Based on its discussion of federal precedent, it concluded that the new developments “do
not alter our analysis . . . and we hereby affirm the district court’s decision to dismiss for
lack of subject matter jurisdiction.” Id., 283 P.3d at 878.

[¶96] The majority’s suggestion that the decisions in Winer and Hinkle are
distinguishable because they relied on state law to the exclusion of federal precedent is
difficult to accept. Both relied upon federal precedent and state court decisions that

                                               38
applied federal precedent.5 That is no different than what the majority is attempting to do
here and is the same approach that we employed in Peterson.

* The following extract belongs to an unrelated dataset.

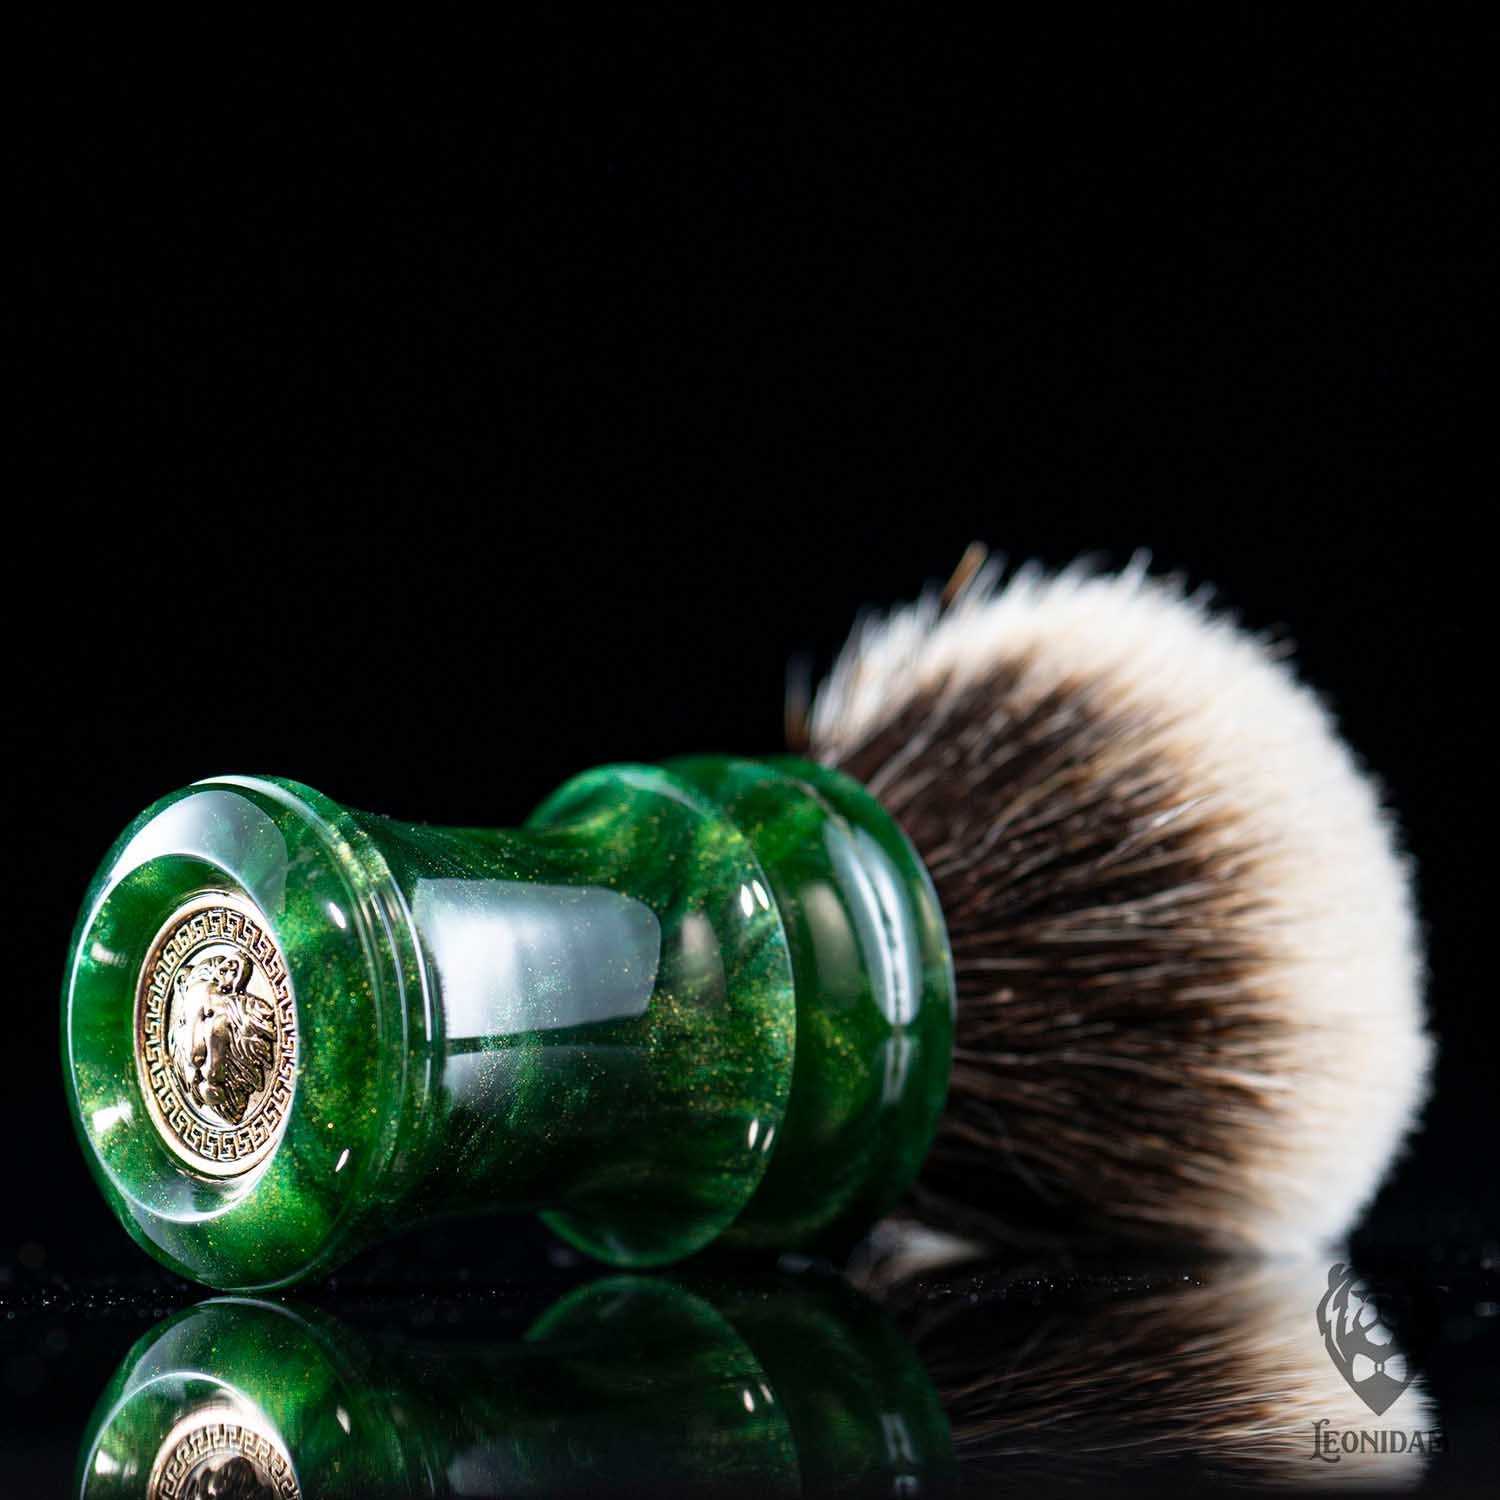 Handmade Shaving Brush "Verdelite" in polished green and gold resin

[¶97] In conclusion, I would again emphasize that this case involves a claim against
tribal member defendants arising from an accident that occurred within the boundaries of
a reservation. In determining whether the state court has subject matter jurisdiction, we
must apply federal law. Under Supreme Court precedent, the tribal status of the non-
consenting party, the defendant, is the “primary jurisdictional fact.” In this case, both
defendants are tribal members. I find no support in applicable federal or state precedent
for the majority’s conclusion that tribal status of the defendant is irrelevant to a proper
jurisdictional analysis. In order to reach that conclusion, the majority extends Strate far
beyond the express limitations of that decision. In Strate, both parties were
“nonmembers” and the highway was deemed “non-Indian fee land” only for “non-
member governance purposes.” I would reaffirm and follow our decision in Peterson and
apply the United States Supreme Court’s decision in Williams. I would hold that the
district court lacks subject matter jurisdiction.

5
   See also Routh v. Miller, 2007 Mont. Dist. LEXIS 510, ¶ 12 (Mont. Dist. Ct. 2007) (a personal injury action
brought by a non-Indian plaintiff against an enrolled member of a tribe and her non-Indian husband arising out of
activities occurring on trust land). The court distinguished Montana and Strate, and applied the Williams
infringement test to conclude that the state court lacked jurisdiction. Id., ¶ 14.